• **Activity**
Could every line of the listing be output exactly, with the pictures skipped?

• **Available data**
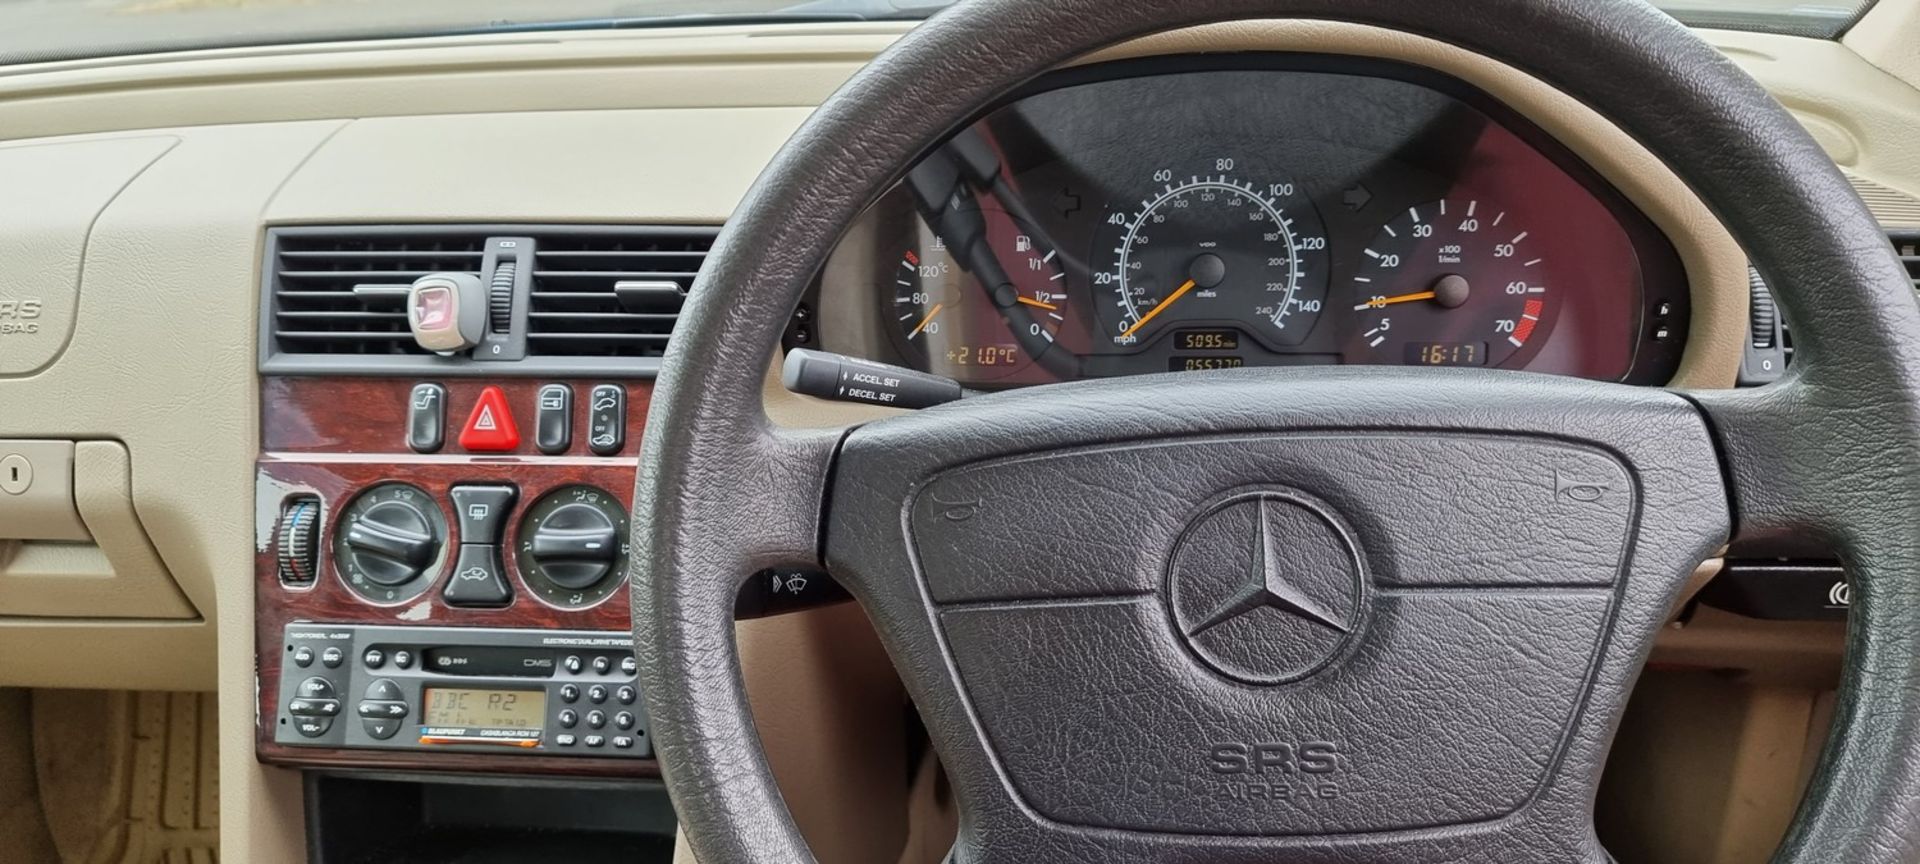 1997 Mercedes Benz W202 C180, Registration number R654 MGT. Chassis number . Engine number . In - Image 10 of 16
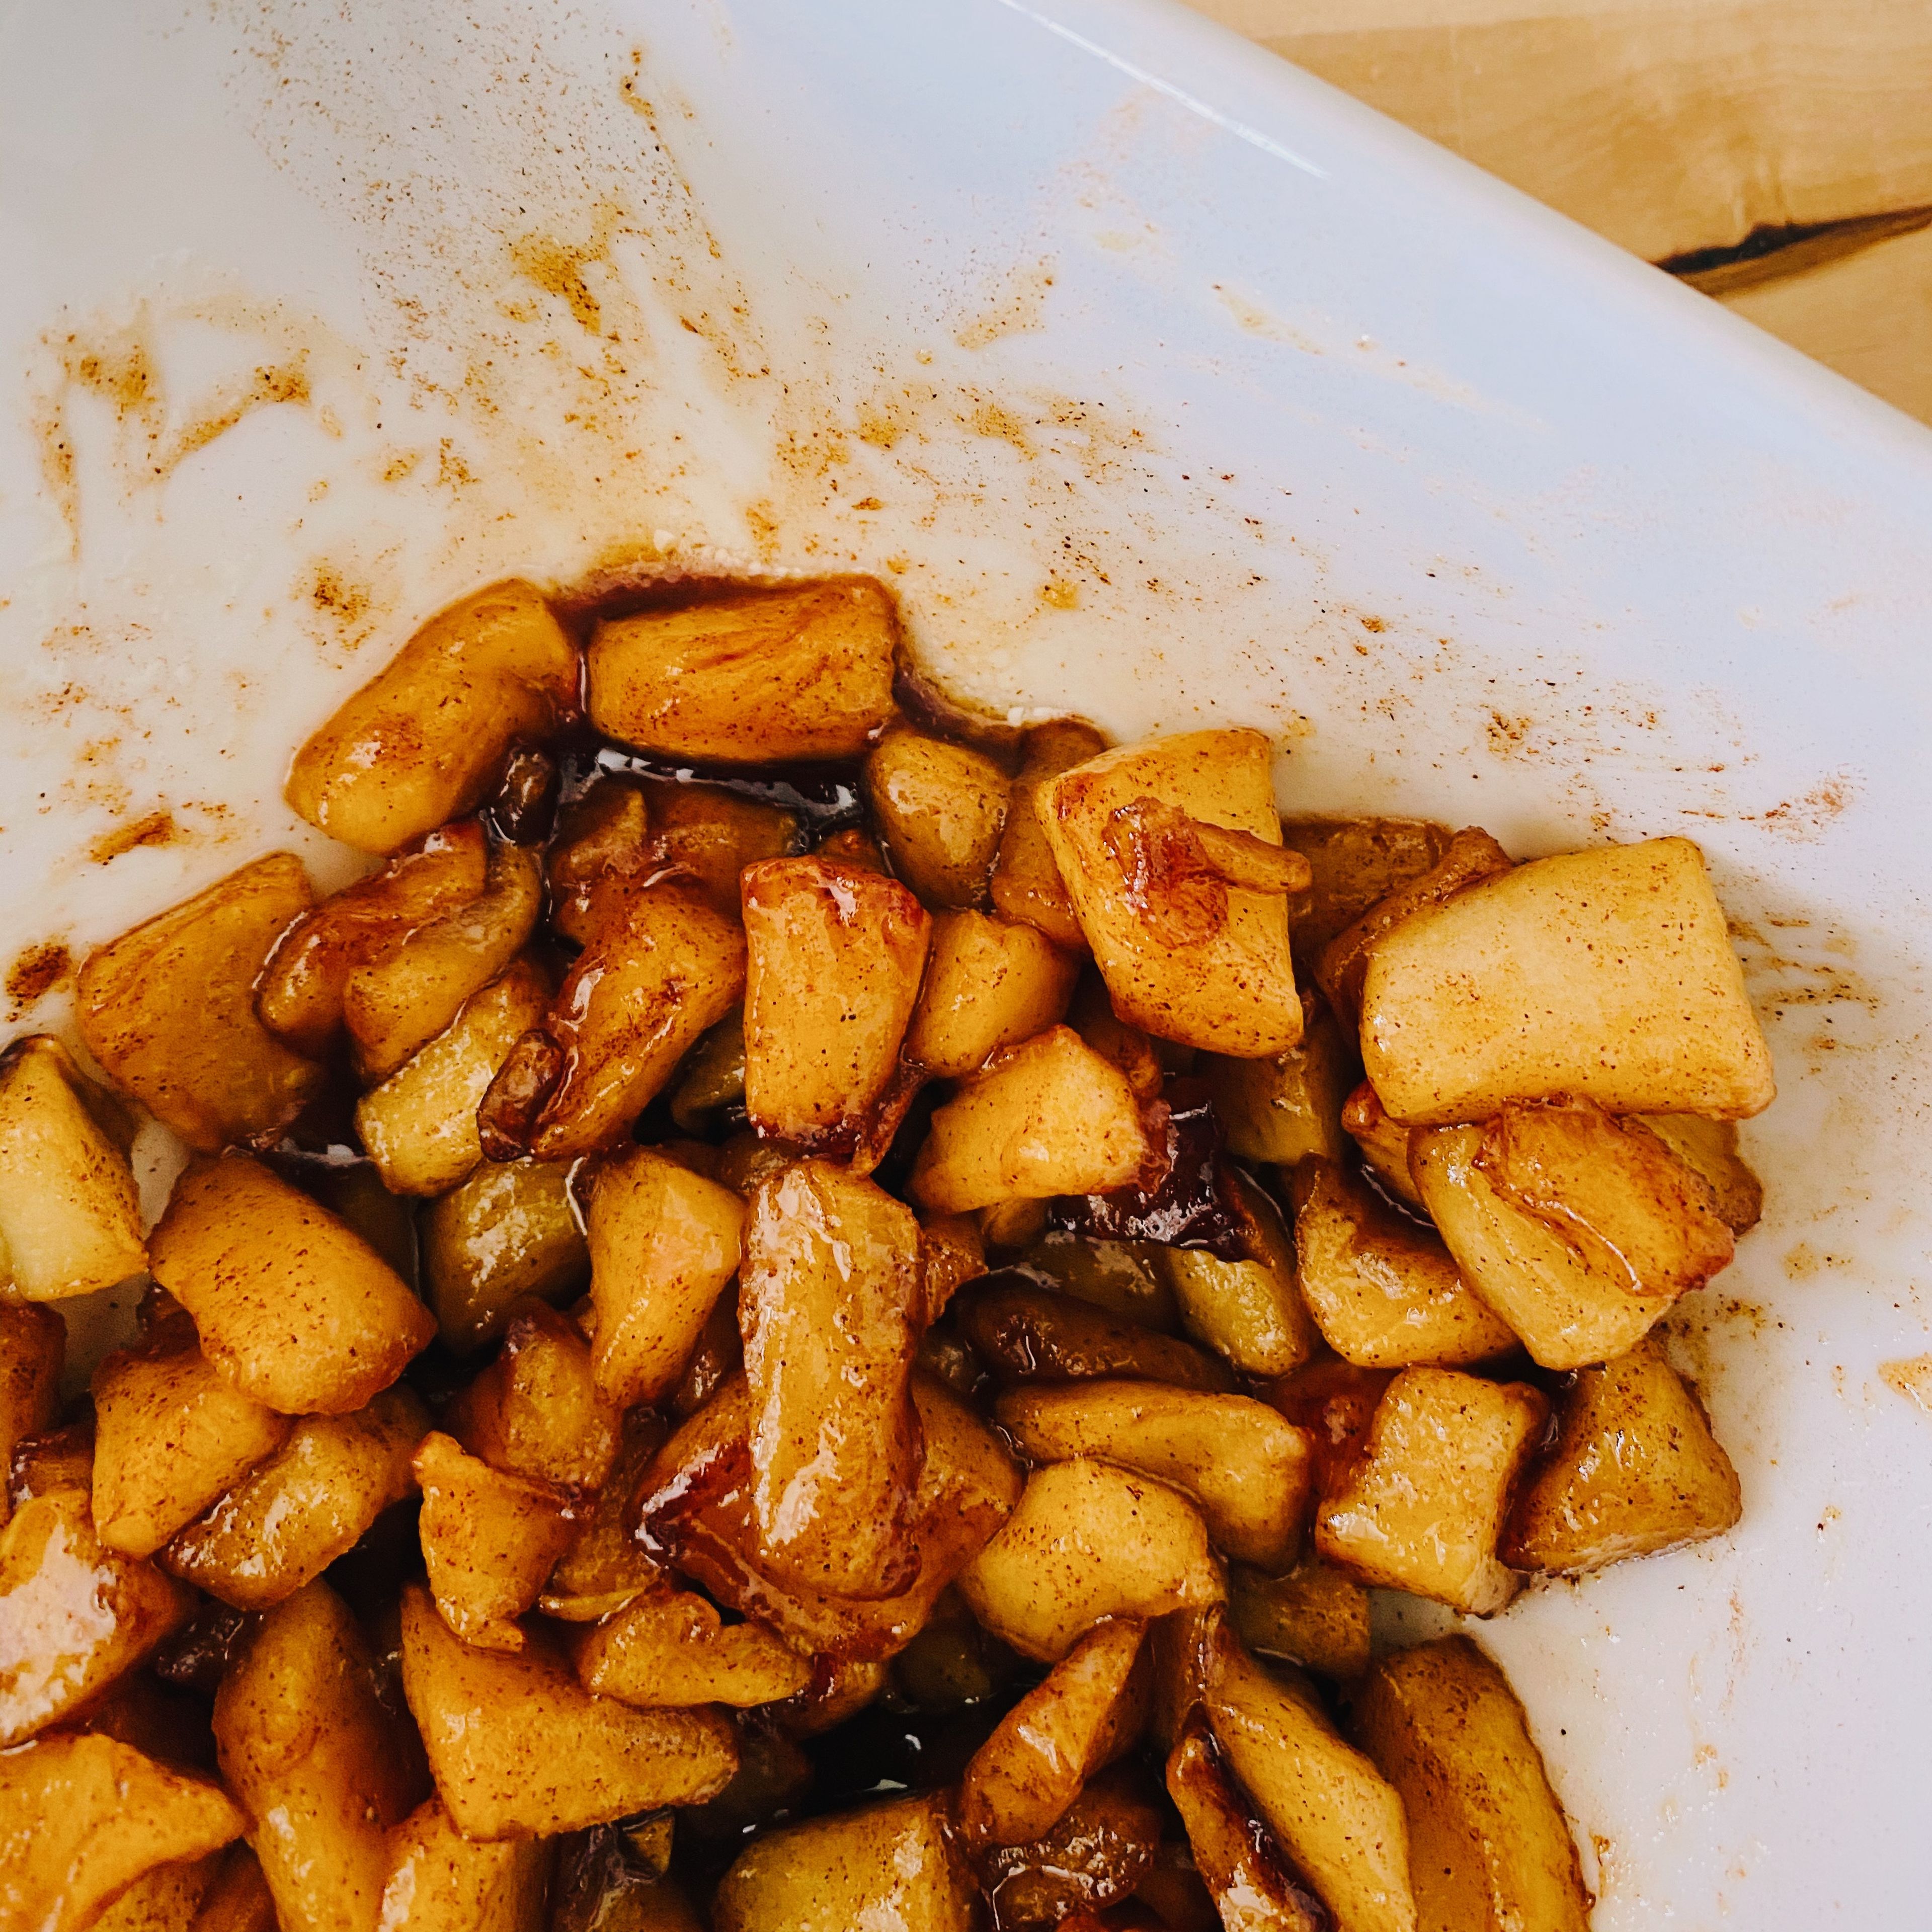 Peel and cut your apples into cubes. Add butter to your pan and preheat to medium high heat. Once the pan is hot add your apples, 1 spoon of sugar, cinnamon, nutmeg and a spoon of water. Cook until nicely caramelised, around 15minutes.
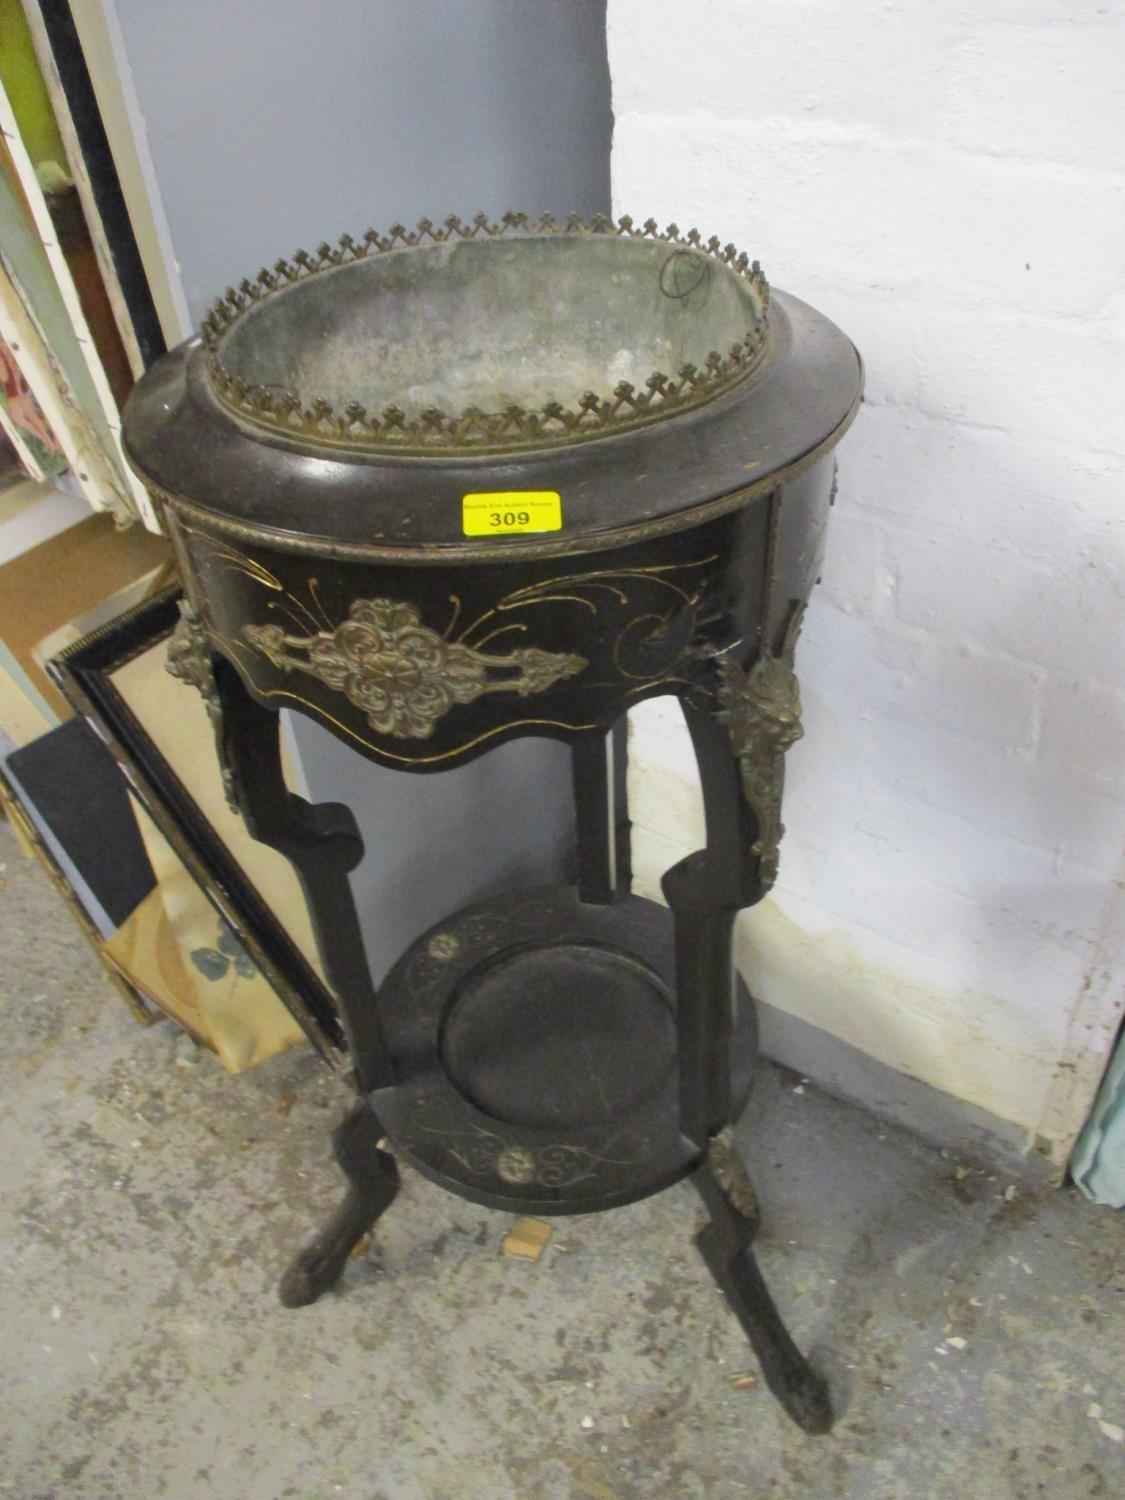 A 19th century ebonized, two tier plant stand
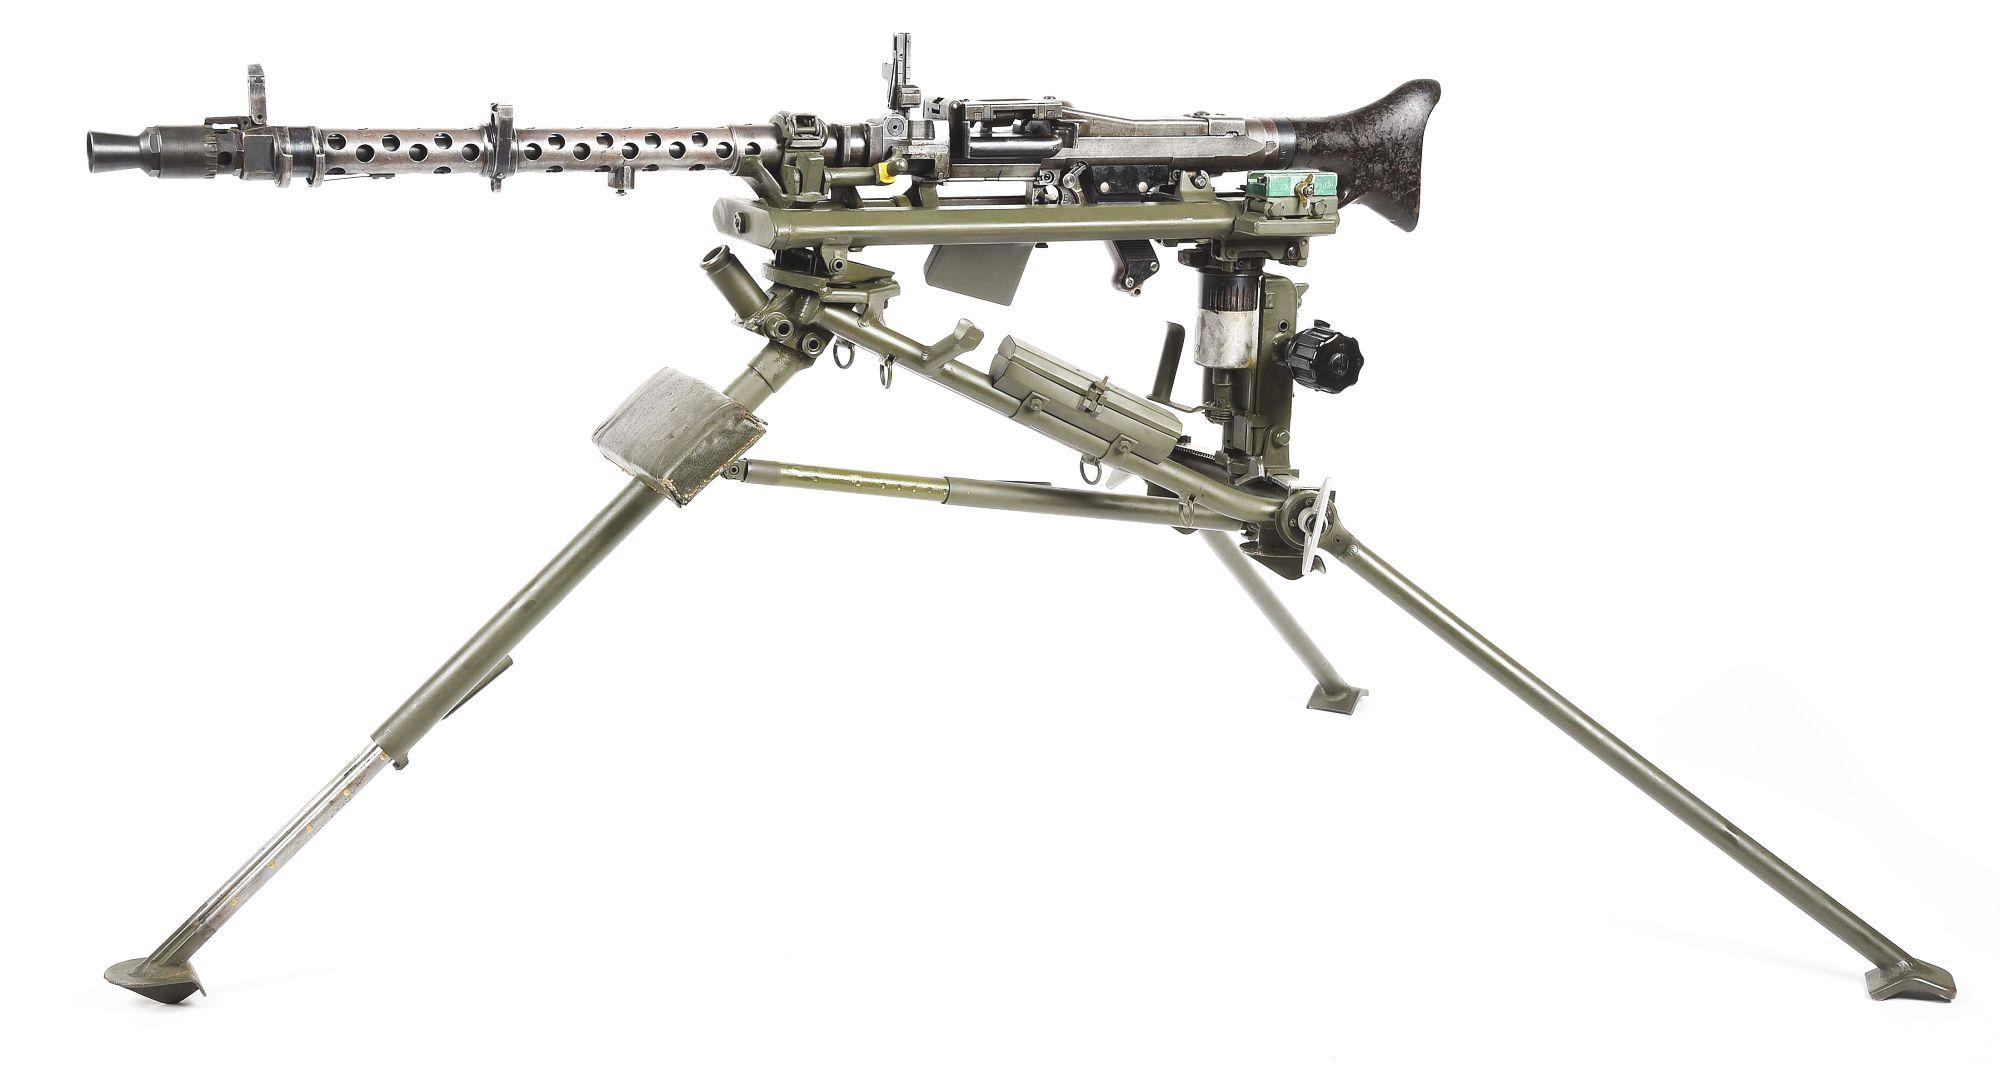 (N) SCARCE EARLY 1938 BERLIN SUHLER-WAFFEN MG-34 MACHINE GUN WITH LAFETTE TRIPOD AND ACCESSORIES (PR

• **Reply**
 1997 Mercedes Benz W202 C180, Registration number R654 MGT. Chassis number . Engine number . In - Image 10 of 16
 Peel and cut your apples into cubes. Add butter to your pan and preheat to medium high heat. Once the pan is hot add your apples, 1 spoon of sugar, cinnamon, nutmeg and a spoon of water. Cook until nicely caramelised, around 15minutes.
 A 19th century ebonized, two tier plant stand
 (N) SCARCE EARLY 1938 BERLIN SUHLER-WAFFEN MG-34 MACHINE GUN WITH LAFETTE TRIPOD AND ACCESSORIES (PR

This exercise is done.